Halide Edip Adıvar was a Turkish novelist and feminist political leader. She was best known for her novels criticizing the low social status of Turkish women and what she saw as the lack of interest of most women in changing their situation.

She attended the American College again from 1899 to 1901, when she graduated. Her father's house was a center of intellectual activity in Constantinople and even as a child Halide Edip participated in the intellectual life of the city.

After graduating, she married the mathematician and astronomer Salih Zeki Bey, with whom she had two sons. She continued her intellectual activities, however, and in 1908 began writing articles on education and on the status of women for Tevfik Fikret's newspaper Tanin. She published her first novel, Seviye Talip, in 1909. Because of her articles on education, the education ministry hired her to reform girls' schools in Constantinople. She worked with Nakiye Hanım on curriculum and pedagogy changes and also taught pedagogy, ethics, and history in various schools. She resigned over a disagreement with ministry concerning mosque schools.

She received a divorce from Salih Zeki in 1910. Her house became an intellectual salon, especially for those interested in new concepts of Turkishness. She became involved with the Turkish Hearth (Türk Ocağı) in 1911 and became the first female member in 1912. She was also a founder of the Elevation of Women (Taali-i Nisvan) organization.

After the defeat of the Ottoman Empire in World War I, British troops occupied Constantinople and allies occupied various parts of the empire. Mustafa Kemal (later Atatürk) began organizing resistance to the occupation. Halide Edip gained a reputation in Constantinople as a "firebrand and a dangerous agitator." The British tried to exile her and several other leaders to Malta in March 1920.

After the end of World War I she and her husband traveled to Anatolia to fight in the War of Independence; she served first as a corporal and then as a sergeant in the nationalist military.

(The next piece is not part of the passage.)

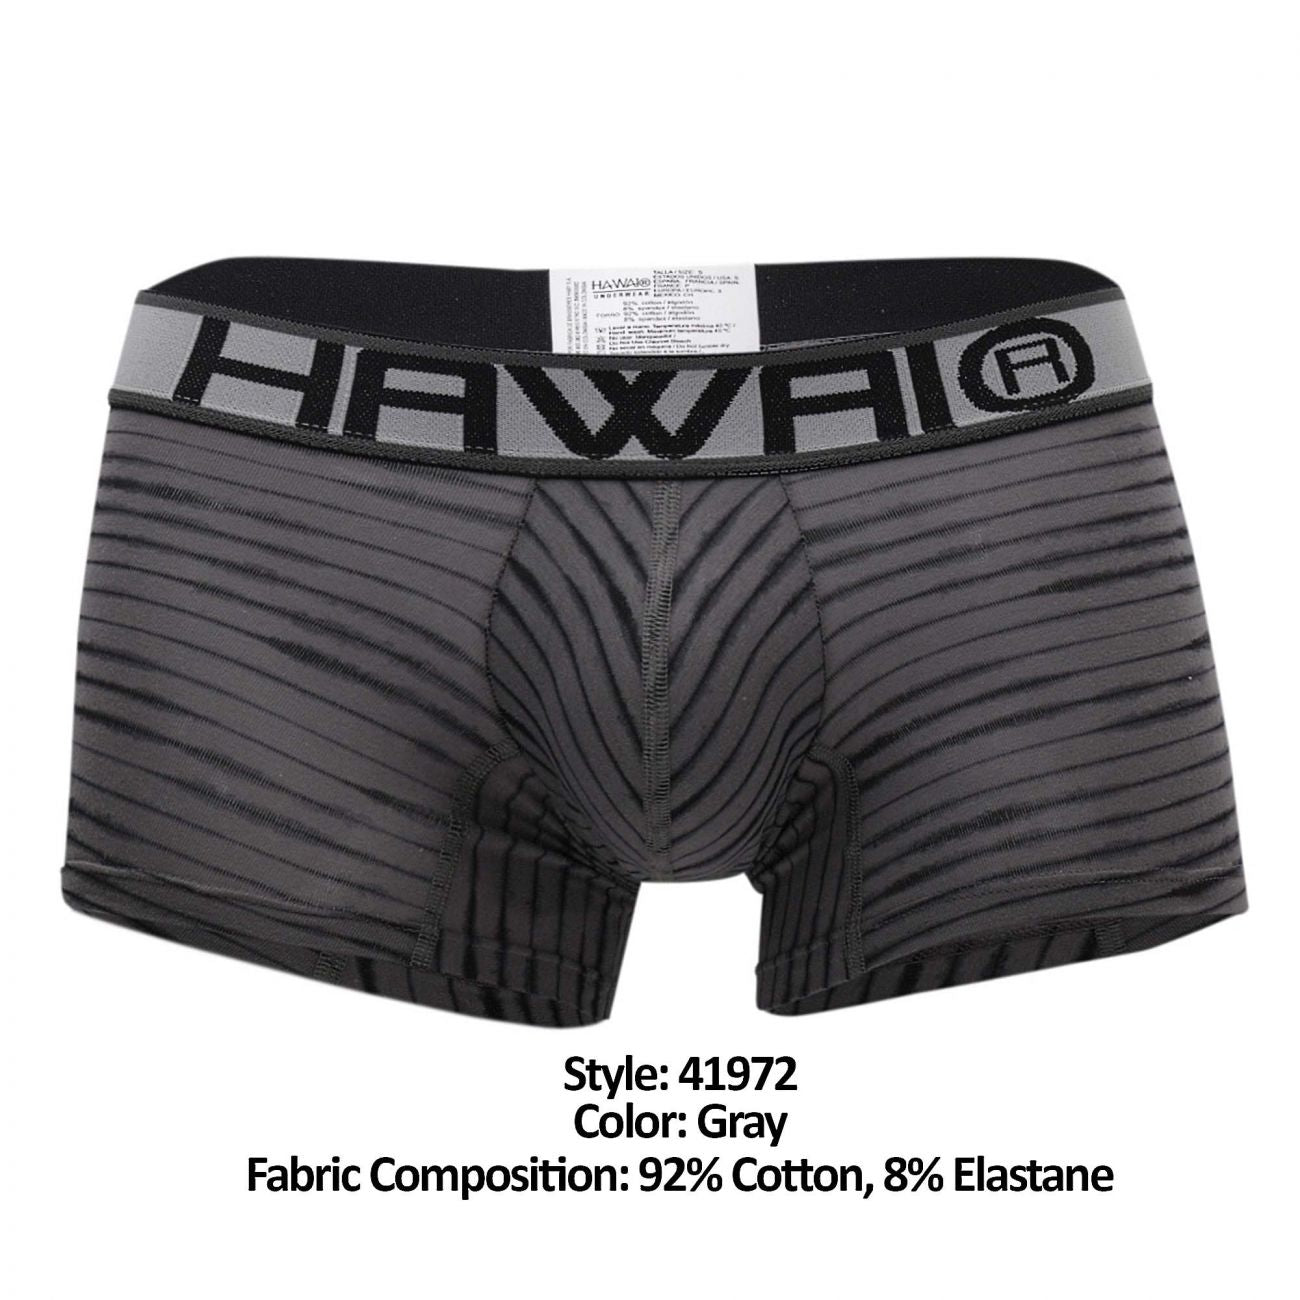 HAWAI 41972 Boxer Briefs Color Gray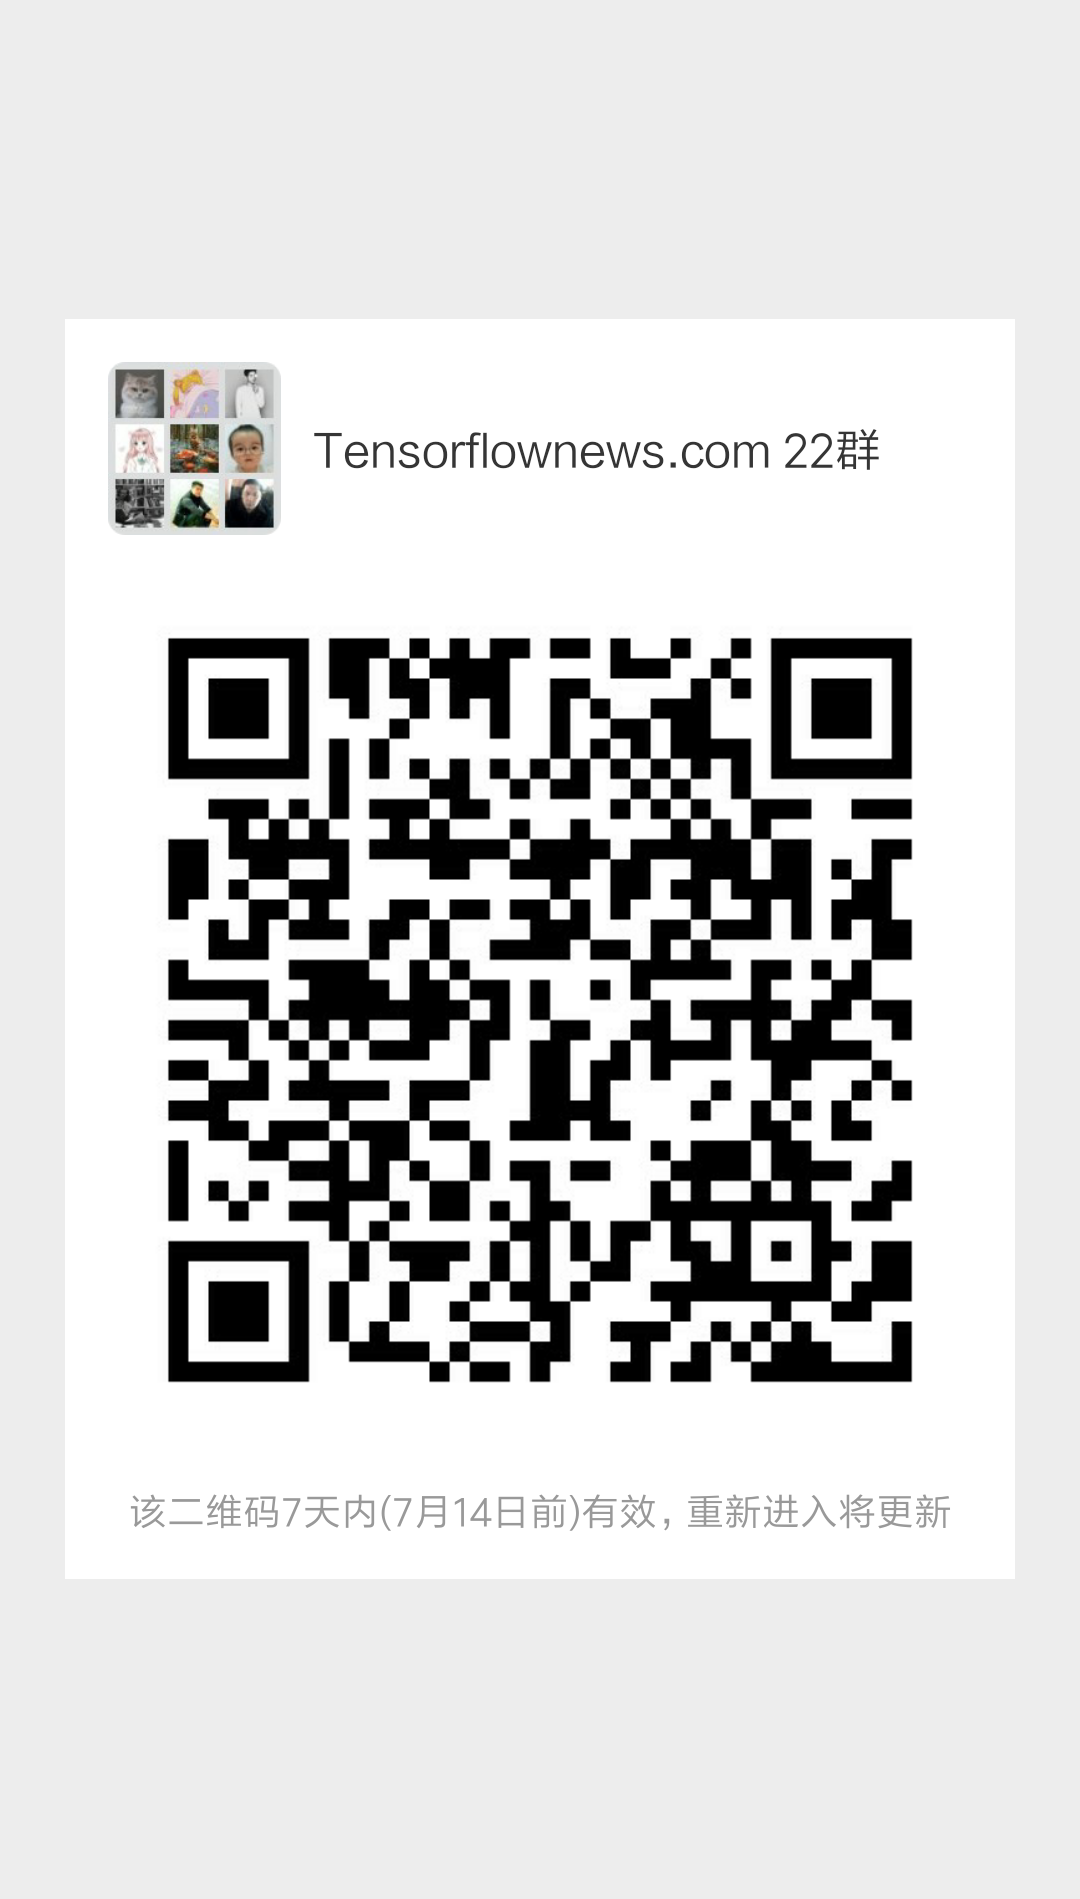 Tensorflow 微信交流群

In 1926, Halide Edip and many associates were unjustly accused of treason. She and her husband escaped to Europe. They lived in the French Third Republic and the United Kingdom from 1926 to 1939. Halide Edip traveled widely, teaching and lecturing repeatedly in the United States and in British Raj India. After returning to Turkey in 1939, she became a professor in English literature at the Faculty of Letters in Istanbul. In 1950, she was elected to Parliament, resigning in 1954; this was the only formal political position she ever held.